> ABOUT THIS TASK
From the line containing "Learn to make" down to the line containing "UCLA Inpatient Use of Essential Oils" in the records below, reproduce every line exactly, ends included, and omit all others.

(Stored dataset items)
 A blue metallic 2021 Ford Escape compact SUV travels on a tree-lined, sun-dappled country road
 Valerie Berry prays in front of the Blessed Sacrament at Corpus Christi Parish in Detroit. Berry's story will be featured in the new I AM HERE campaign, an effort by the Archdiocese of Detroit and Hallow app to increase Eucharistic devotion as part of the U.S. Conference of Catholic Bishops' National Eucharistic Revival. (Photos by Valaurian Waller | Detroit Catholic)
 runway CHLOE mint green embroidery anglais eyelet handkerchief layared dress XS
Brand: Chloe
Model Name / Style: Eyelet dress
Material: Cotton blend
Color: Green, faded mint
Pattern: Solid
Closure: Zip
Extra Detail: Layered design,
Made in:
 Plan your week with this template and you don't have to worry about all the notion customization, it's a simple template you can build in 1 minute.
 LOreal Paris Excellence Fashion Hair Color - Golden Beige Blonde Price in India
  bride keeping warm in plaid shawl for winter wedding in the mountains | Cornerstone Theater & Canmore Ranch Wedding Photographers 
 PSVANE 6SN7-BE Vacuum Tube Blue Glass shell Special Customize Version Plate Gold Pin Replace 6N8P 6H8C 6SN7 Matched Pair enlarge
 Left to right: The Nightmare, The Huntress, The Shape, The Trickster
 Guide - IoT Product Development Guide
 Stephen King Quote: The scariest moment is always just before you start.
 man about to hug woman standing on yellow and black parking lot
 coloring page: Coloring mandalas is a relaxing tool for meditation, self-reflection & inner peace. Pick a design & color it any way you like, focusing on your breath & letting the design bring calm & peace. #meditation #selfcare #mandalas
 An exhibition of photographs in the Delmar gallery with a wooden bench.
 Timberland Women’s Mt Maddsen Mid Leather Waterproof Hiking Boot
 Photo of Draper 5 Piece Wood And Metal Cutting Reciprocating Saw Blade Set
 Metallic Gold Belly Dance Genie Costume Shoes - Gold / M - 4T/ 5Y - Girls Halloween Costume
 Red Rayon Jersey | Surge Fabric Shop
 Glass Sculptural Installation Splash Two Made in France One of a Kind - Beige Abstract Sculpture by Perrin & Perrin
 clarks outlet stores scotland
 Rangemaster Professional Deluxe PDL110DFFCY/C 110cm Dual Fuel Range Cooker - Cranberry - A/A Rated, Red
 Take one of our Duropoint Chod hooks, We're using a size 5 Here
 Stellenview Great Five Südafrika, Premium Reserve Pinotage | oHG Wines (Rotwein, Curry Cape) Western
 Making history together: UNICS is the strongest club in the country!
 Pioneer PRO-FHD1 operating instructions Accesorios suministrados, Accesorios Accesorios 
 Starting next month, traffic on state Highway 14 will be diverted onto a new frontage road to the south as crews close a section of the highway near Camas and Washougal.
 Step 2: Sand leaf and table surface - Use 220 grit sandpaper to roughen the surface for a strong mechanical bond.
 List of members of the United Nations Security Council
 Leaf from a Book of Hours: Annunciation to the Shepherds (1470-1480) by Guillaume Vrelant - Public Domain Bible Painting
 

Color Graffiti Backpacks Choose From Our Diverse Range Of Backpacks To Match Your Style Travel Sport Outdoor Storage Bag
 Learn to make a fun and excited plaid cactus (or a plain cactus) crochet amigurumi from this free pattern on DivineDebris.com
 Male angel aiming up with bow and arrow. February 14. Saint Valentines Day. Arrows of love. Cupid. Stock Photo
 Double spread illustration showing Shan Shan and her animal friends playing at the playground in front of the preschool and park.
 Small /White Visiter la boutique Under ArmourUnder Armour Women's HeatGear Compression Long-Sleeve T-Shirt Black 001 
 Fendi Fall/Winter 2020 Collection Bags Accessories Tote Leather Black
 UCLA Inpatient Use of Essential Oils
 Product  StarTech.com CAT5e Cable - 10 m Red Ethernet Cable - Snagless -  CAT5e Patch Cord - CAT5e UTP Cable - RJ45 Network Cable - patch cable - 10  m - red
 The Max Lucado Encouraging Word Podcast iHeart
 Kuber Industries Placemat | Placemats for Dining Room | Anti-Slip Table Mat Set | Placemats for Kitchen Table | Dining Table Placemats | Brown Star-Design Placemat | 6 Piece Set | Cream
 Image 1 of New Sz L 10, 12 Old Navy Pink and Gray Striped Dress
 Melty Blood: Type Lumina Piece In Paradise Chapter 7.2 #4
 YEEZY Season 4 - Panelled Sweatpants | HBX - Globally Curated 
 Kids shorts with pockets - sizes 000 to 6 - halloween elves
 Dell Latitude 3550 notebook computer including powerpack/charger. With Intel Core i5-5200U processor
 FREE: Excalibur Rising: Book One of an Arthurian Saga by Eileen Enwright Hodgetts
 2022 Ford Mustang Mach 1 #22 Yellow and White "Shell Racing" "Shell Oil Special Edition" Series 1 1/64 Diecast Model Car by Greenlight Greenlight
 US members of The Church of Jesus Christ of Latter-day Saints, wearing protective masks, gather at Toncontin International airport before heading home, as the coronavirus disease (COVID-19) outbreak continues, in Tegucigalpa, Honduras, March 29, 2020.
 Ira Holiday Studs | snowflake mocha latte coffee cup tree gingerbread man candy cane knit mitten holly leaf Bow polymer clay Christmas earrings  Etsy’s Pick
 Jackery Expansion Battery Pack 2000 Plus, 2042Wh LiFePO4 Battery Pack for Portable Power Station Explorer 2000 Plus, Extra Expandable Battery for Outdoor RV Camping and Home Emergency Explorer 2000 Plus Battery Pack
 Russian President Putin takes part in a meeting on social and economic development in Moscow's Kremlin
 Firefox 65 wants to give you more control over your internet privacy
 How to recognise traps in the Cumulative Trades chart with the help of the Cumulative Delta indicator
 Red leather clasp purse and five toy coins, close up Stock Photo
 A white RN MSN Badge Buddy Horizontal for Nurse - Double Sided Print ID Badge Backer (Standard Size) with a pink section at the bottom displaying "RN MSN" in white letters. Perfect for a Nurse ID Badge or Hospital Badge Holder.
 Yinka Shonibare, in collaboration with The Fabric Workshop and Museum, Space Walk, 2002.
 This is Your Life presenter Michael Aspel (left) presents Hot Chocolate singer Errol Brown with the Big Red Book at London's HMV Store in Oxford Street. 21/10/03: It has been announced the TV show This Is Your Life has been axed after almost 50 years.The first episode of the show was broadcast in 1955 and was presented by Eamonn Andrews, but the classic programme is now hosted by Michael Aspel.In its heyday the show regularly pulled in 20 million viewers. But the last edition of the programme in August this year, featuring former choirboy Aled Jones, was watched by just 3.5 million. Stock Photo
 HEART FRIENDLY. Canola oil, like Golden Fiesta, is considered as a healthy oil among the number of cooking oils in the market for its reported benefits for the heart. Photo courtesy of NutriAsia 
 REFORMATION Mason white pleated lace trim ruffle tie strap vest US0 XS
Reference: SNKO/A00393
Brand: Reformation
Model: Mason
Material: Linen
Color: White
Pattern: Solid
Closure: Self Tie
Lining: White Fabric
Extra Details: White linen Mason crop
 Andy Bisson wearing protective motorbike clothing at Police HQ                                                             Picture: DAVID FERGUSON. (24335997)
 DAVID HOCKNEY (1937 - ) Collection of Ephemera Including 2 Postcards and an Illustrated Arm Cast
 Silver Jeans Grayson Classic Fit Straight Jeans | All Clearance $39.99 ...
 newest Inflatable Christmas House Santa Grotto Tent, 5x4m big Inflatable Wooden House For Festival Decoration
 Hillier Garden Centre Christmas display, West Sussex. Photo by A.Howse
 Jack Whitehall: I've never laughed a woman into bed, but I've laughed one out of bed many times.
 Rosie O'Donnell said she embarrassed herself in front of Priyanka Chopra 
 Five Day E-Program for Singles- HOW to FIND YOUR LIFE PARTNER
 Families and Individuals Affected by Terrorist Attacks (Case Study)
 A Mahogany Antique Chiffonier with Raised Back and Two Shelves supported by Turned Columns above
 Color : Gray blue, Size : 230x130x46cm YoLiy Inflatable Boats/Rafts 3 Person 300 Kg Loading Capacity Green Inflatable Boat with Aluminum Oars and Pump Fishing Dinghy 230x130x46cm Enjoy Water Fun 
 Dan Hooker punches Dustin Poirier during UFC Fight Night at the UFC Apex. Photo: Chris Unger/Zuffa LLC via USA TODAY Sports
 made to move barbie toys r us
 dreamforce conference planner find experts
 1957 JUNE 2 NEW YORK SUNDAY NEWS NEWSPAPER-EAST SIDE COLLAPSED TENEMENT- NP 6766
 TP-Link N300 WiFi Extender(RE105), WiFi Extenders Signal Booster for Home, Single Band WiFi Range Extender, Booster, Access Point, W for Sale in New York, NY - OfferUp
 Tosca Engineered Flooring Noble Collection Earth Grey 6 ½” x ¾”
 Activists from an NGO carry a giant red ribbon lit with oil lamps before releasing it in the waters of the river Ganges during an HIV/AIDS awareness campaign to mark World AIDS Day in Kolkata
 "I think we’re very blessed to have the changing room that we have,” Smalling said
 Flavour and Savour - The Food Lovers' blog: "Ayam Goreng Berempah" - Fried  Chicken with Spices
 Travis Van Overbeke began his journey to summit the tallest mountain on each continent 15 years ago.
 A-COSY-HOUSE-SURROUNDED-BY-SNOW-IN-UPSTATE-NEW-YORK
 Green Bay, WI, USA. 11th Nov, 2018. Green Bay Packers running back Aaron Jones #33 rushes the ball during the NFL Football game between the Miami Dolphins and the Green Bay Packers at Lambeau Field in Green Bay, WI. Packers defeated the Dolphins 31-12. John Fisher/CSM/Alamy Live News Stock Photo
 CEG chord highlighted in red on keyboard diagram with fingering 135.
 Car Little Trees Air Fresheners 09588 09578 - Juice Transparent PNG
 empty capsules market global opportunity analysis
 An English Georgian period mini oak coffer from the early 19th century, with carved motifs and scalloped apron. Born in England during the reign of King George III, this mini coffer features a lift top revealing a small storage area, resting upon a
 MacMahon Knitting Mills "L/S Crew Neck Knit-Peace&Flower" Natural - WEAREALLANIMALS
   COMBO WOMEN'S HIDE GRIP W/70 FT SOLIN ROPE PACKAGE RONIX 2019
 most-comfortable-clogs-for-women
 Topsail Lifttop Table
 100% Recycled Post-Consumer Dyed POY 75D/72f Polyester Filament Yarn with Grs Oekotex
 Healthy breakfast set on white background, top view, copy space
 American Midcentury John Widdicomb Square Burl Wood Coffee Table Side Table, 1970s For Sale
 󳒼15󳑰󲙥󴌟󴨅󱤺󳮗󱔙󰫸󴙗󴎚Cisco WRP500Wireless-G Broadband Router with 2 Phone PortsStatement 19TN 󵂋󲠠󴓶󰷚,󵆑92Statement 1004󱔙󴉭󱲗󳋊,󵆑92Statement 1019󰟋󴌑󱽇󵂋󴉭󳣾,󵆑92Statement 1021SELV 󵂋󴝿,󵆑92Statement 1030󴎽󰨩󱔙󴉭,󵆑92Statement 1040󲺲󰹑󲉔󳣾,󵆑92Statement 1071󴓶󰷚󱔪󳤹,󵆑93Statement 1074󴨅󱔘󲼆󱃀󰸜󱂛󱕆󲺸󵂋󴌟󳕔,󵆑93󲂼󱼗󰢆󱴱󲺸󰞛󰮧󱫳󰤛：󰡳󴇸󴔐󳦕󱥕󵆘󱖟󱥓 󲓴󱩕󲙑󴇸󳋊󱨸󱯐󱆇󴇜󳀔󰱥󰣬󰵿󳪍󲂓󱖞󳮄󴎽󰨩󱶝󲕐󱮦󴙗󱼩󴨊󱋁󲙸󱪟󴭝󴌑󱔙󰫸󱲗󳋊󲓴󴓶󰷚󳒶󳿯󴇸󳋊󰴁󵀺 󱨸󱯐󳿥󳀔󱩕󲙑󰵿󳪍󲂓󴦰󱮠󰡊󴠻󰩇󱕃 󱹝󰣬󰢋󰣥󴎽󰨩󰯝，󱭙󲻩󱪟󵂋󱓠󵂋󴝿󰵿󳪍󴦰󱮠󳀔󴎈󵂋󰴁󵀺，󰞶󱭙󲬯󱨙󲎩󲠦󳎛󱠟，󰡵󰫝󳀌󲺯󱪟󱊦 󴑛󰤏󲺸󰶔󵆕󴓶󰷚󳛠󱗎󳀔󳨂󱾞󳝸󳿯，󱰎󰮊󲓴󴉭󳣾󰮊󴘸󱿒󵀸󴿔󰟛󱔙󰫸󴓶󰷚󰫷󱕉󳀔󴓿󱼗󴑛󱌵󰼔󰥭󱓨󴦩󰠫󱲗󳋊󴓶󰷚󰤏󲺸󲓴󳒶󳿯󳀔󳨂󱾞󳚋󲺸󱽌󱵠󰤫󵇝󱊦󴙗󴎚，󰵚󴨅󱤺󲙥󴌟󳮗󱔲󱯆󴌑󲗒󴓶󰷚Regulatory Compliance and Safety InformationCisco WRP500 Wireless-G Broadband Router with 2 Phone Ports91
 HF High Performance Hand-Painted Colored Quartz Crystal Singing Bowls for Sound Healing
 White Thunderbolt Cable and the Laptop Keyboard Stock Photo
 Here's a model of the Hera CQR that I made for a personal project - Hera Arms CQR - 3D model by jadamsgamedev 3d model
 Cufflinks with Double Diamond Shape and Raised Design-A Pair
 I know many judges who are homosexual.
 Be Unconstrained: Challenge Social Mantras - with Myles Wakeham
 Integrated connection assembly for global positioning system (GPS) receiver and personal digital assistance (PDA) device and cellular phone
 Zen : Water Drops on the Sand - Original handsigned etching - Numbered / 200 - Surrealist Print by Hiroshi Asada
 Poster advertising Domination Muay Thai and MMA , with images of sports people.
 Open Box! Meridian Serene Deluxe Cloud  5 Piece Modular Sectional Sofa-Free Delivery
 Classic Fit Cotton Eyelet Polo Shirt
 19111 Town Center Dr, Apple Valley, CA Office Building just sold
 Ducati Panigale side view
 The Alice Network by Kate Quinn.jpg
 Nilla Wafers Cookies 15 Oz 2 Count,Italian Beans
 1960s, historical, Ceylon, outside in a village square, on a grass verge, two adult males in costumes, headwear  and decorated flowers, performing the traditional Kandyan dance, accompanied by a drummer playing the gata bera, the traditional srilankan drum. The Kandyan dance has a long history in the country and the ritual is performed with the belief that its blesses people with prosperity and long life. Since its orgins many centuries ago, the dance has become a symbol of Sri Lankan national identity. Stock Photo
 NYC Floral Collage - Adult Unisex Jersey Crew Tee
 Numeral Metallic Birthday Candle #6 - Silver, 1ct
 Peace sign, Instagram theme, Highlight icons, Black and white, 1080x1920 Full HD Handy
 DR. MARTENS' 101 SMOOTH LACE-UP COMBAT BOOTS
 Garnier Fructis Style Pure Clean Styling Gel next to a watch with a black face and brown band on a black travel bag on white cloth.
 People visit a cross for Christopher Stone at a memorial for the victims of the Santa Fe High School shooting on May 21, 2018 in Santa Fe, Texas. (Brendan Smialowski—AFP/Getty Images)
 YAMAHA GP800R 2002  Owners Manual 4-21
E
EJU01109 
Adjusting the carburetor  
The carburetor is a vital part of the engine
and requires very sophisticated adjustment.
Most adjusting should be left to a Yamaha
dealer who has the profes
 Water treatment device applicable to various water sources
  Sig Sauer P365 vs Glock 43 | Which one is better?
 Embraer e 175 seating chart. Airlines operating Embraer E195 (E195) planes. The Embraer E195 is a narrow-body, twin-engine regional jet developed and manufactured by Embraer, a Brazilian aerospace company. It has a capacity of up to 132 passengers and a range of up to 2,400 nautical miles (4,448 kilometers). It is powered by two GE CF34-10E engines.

> ANSWER AREA
 Learn to make a fun and excited plaid cactus (or a plain cactus) crochet amigurumi from this free pattern on DivineDebris.com
 Male angel aiming up with bow and arrow. February 14. Saint Valentines Day. Arrows of love. Cupid. Stock Photo
 Double spread illustration showing Shan Shan and her animal friends playing at the playground in front of the preschool and park.
 Small /White Visiter la boutique Under ArmourUnder Armour Women's HeatGear Compression Long-Sleeve T-Shirt Black 001 
 Fendi Fall/Winter 2020 Collection Bags Accessories Tote Leather Black
 UCLA Inpatient Use of Essential Oils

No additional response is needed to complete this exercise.